Before I ask someone a question which requires a yes-or-no answer, I feel like adding a disclaimer: “I don’t want a 10-minute diatribe or even an extended answer. I simply want a ‘yes or no’.”
I’ll take it from there. This is particularly true when I’m leading a workshop that has a two-hour limit.
For some reason unbeknownst to me some people feel the need to pontificate until I give them the “enough” signal, which is as obvious as I can be. In other words, I hold up my right hand to gesture, “Stop!” This seems to get people’s attention; although, it leaves me with the feeling that I’ve been rude.
If you’re reading this and get the sense that I’m far too rigid leading workshops, keep in mind that if I don’t require people to just answer the questions, I probably won’t cover all the topics.
There are times when elaboration is required, such as when you’re asked an open-ended question at an interview. “Why do you feel that customer service is your greatest strength?” requires an answer that is longer than five seconds. It’s a question that gives you the “go” sign. And when your answer is complete, simply conclude with, “This is why customer service is my strongest skill.”
The ability to communicate verbally is essential in our work and job search, arguably more important than our ability to write; and knowing when to put the brakes on talking plays an important part in communicating. Here are four reasons why just answering the question is required.
Time is valuable. I’ve been told I’m always in a hurry to get nowhere, and sometimes I feel that way. But when I’m rushing to get to a workshop or a meeting, I don’t have time to waste listening to an elaborate response to a very simple question.
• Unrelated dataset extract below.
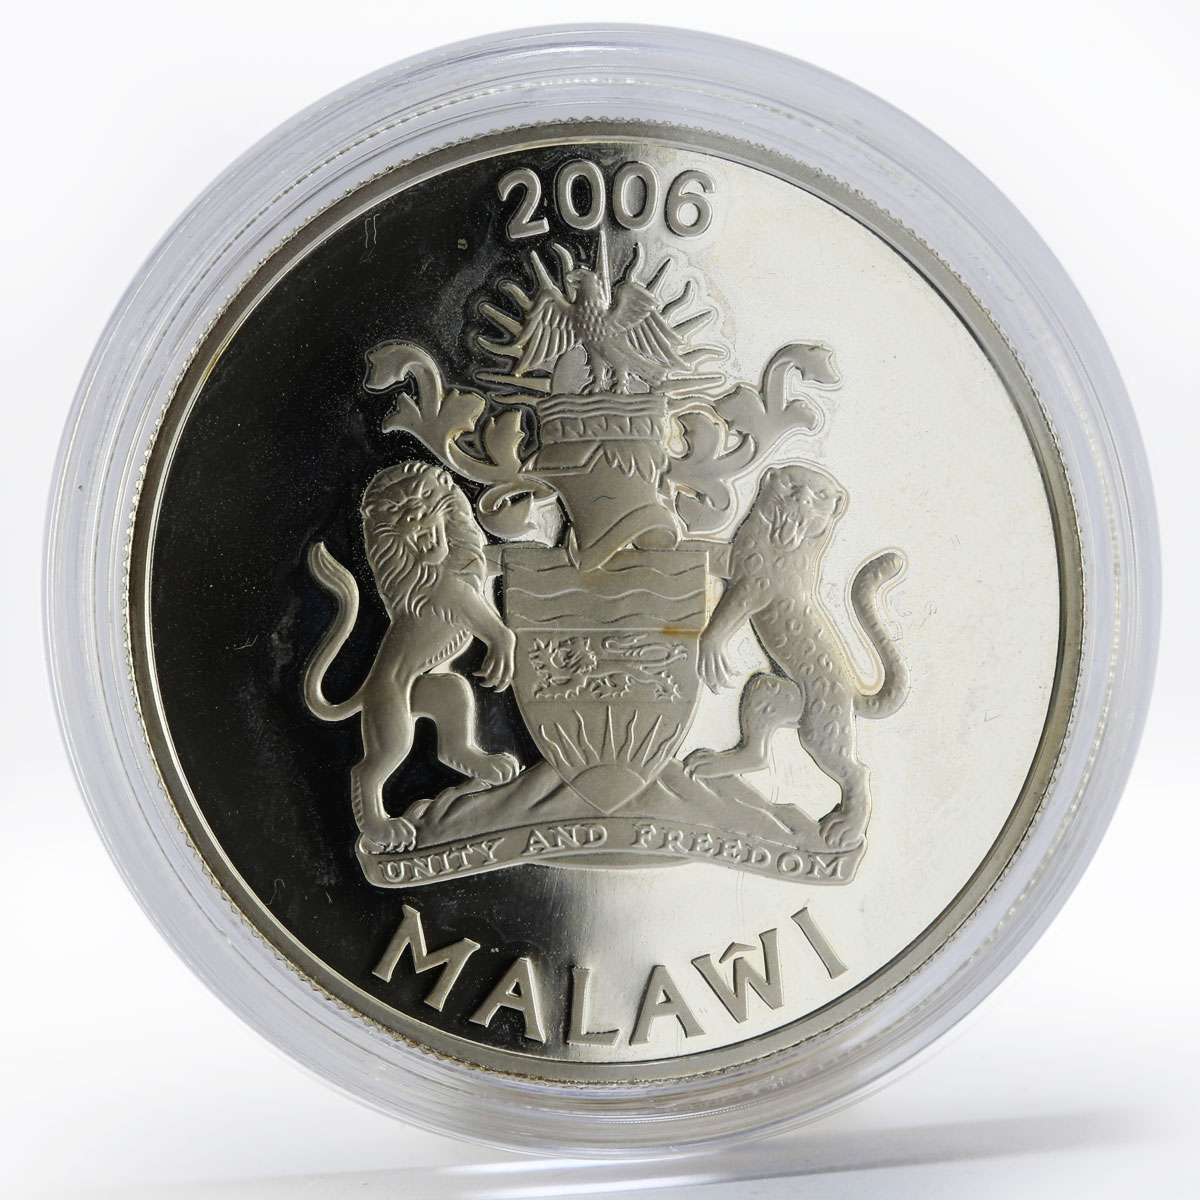 Malawi 5 Kwacha Lion Lioness Journey Through Africa silver proof coin 2006

“How’s it going?” is perhaps an overused question. It really means, in a sense, “Hi there.” Some people take it literally and feel the need to tell me how it’s really going. My mistake. If I were to say, “Tell me how your day is going, and don’t leave out any details,” I would completely understand an elaborate answer.
It’s inconsiderate to dominate airtime. In my workshops I’ll ask yes-or-no questions, and I expect yes-or-no answers. Of course I ask open-ended questions, to which I expect some detail—not too much detail, mind you, as there is an agenda. This is not the time for someone to dominate airtime simply to show off his/her knowledge.
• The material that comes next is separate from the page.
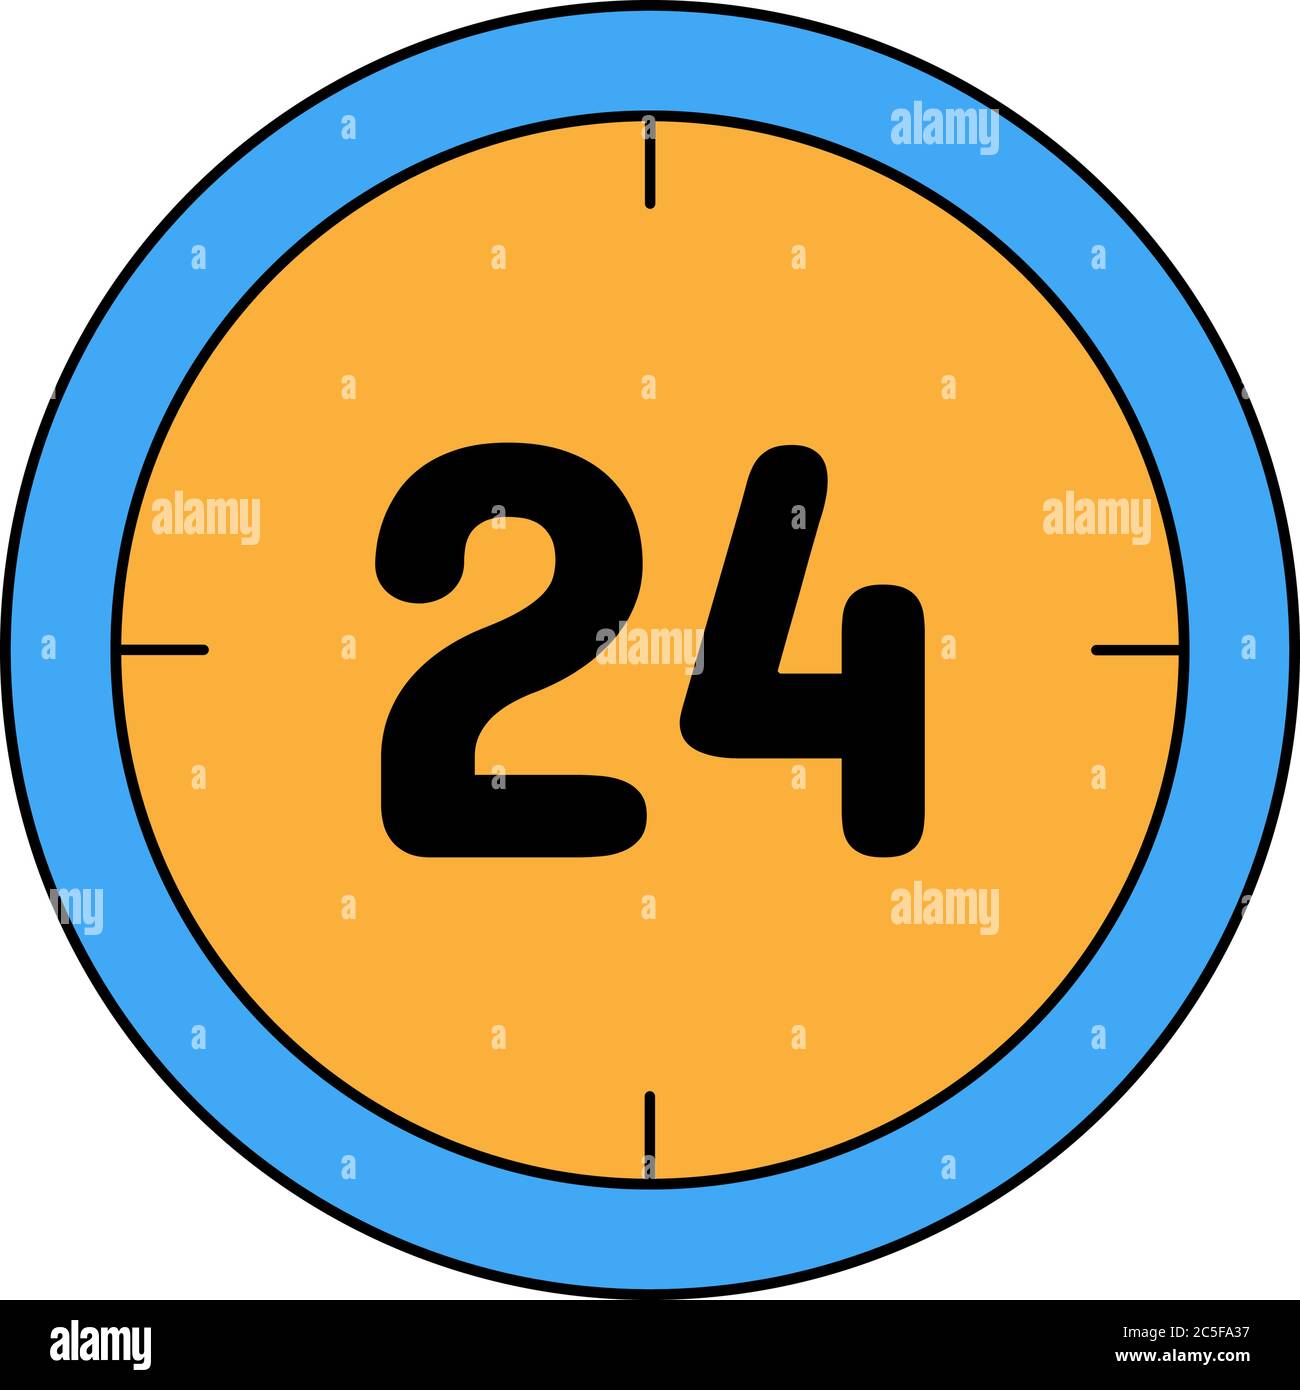 24 hours clock icon always open or fast shipping online store concept vector illustration Stock Vector

How I’ve handled this dilemma when I see it coming on is by quickly interrupting the person by saying, “Yes or no?” If the person persists I again ask, “Yes or no?” It’s important to know that in the job search, interviewers don’t appreciate people who talk too much. It may make the difference between getting the job or not.
I really don’t care. Harsh, I know, but that’s how I feel some times. “In two sentences can you explain what value you’ll offer the company?” Because you’ll make our customers happy and increase return business. That’s one sentence. Because you’ll write code that will require minimal quality assurance and therefore your product will ship sooner than expected. That’s it. On to the next question.
But, “And I’ll work extended hours,” you continue. No (stop signal). Cut. I don’t care to hear more, and besides you don’t follow directions. One more minute added to the interview. One more minute added to the workshop. Can’t you see the person in the back row rolling her eyes? Don’t lawyers on TV say, “Just answer the question?” This is why I don’t care.
When I care for a longer answer is usually when I’m asking my kids about their day. And, sadly, their answers are too brief. “It was fine,” they say. Fine as in nothing unusual happened? Fine as in Josh didn’t break up with you? “Just fine. Okay?”
Would you answer my question? “My day was fine. You know, fine?” This is similar to, “My greatest strength is developing teams….” Care to elaborate? This is where the interviewer needs more. Tell me how you’ve built teams. “Well, where I last worked I built teams.” And what were the situations? What were your actions? What were the results?
There are times when elaboration is necessary, such as when you’re having a conversation with someone. Recently we took our daughter’s boyfriend and her out for dinner after we watched him compete in a swim meet. He proved to be a very good conversationalist.
When I asked him open-ended questions he responded them with detailed answers, and he seemed relaxed and confident. Had he simply said, “Yes” to my questions, “Are the pools you race in always so sweltering in the stand section,” I would have been concerned about my daughter’s choice in boys.